CrewAI emphasizes role-based multi-agent teams with explicit task delegation. Agents are defined by role, goal, and backstory; a “crew” object coordinates them on a shared mission. Lightweight, opinionated, popular for quick prototypes of multi-agent systems.

Model Context Protocol

As of 2024-2026, an open standard called the Model Context Protocol has emerged for connecting LLM agents to external tools and data. Originally proposed by Anthropic, MCP defines a client-server protocol so that any MCP-compliant agent can use any MCP-compliant tool server without per-framework glue code. Servers expose resources (data), tools (actions), and prompts (templates); clients — the agents — consume them through a common JSON-RPC interface.

MCP matters because tool integration has been a major tax on agent development. Every framework invented its own way to declare tools, handle auth, stream results, and manage permissions. A shared protocol lets tool providers ship once and run in many agent runtimes, and lets agent builders pick up new capabilities without writing adapter code.

Current limits

Agents work impressively in demos and increasingly well in production for bounded tasks, but several failure modes remain open problems.

Reliability over long horizons

Each step has some probability of error, and errors compound. A 95% per-step success rate becomes 60% over ten steps and under 40% over twenty. Current systems handle short-horizon tasks well and struggle with genuinely long ones.

Error recovery

When a tool call fails, returns unexpected output, or produces a wrong answer the agent trusts, recovery is hard. The model may loop on the same mistake, invent a workaround that makes things worse, or confidently report success despite failure. Robust retry logic, structured error signals, and explicit verification steps help, but there is no clean solution.

Security and prompt injection

Agents that read external content and take actions are the highest-risk category for prompt injection attacks. A malicious web page or document can embed instructions that hijack the agent’s behaviour. Privilege separation, output validation, and human-in-the-loop gates for destructive actions are standard mitigations, but the threat model is not fully solved at the model layer.

Cost and latency

Planning strategies like tree of thoughts or MCTS multiply model calls per task, long-context memory grows token counts, and multi-agent systems add conversational overhead. A capable agent is often 10-100x more expensive than a single prompt and can take minutes instead of seconds.
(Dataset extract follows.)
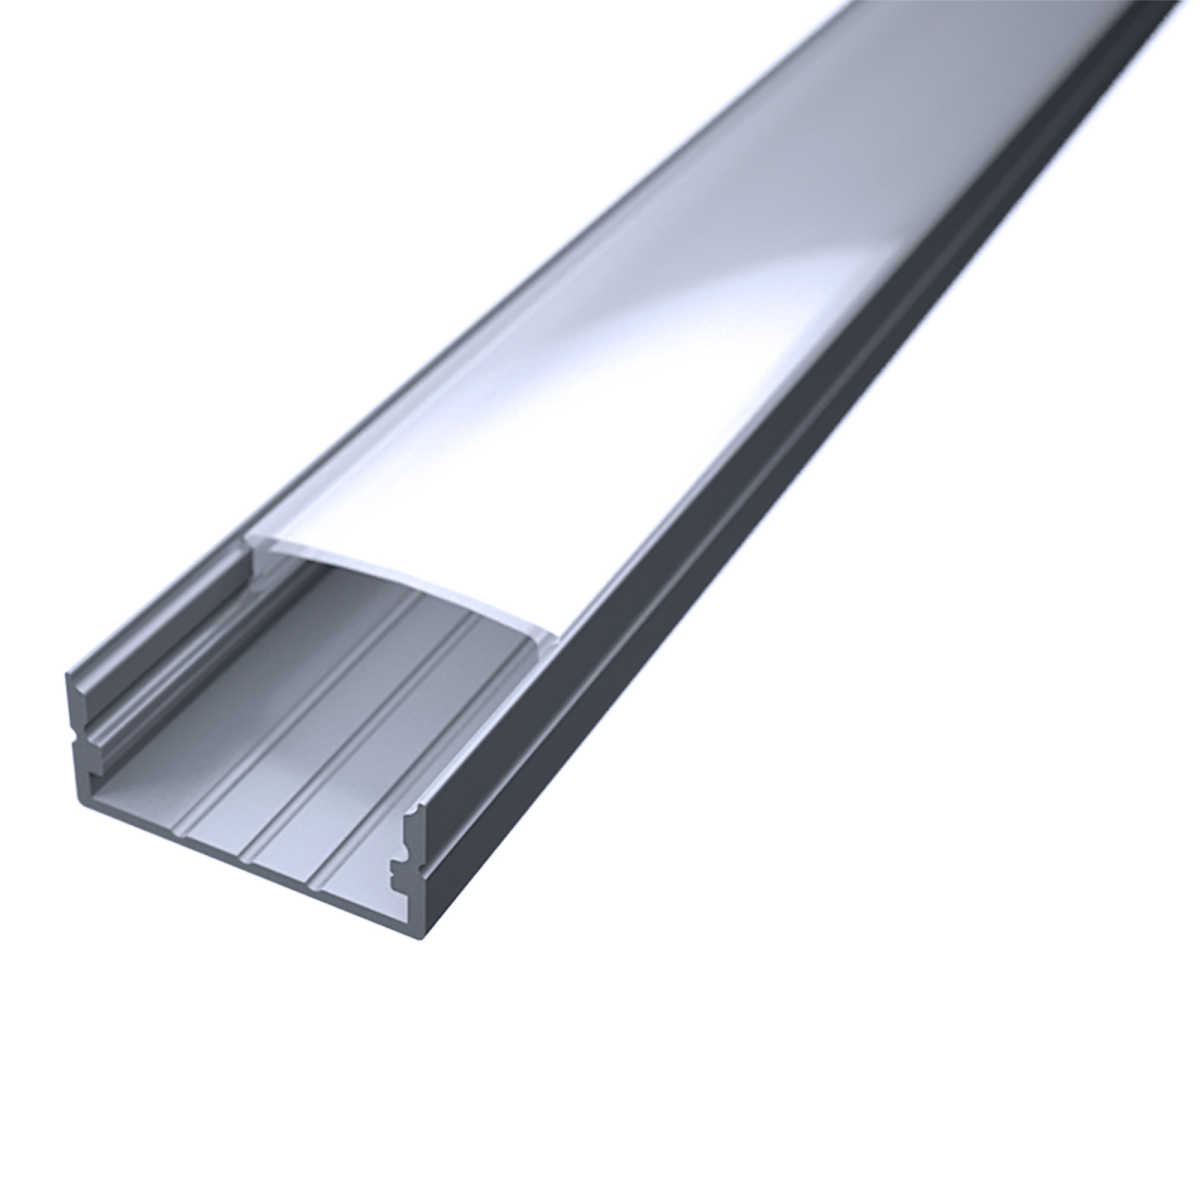 LED Flachprofil "Slim-Line max" | Abdeckung diffus | Zuschnitt auf 64cm |

Frequently asked questions

How is an AI agent different from a chatbot?
A chatbot produces text in response to user messages and typically has no ability to take external actions. An AI agent is built around an LLM but adds tools, memory, and a control loop that lets it fetch data, run code, call APIs, and iterate on a task autonomously. The same base model can serve both roles; the difference is the scaffolding around it. Most production “chatbots” today are actually lightweight agents, because almost every useful assistant needs at least retrieval or function calling to stay grounded.

Do AI agents require special models, or does any LLM work?
Any capable instruction-following LLM can in principle drive an agent, but models trained with tool-use and function-calling examples perform dramatically better on ReAct loops, planning, and structured output. Frontier models from major labs ship with native function-calling APIs and agentic post-training, and open-weight models increasingly include similar capabilities. The practical floor is a model that reliably produces well-formed JSON and follows multi-turn instructions; below that, agent behaviour becomes too unreliable to deploy.

Should developers build agents from scratch or use a framework?
It depends on the complexity and the team’s experience. For simple single-loop ReAct agents with a handful of tools, a custom implementation of about a hundred lines of code is often clearer than pulling in a large framework. For multi-agent orchestration, complex memory patterns, or production-scale observability, frameworks like LangGraph, AutoGen, or CrewAI save real work. The trade-off is framework lock-in against boilerplate — a choice worth making deliberately rather than by default.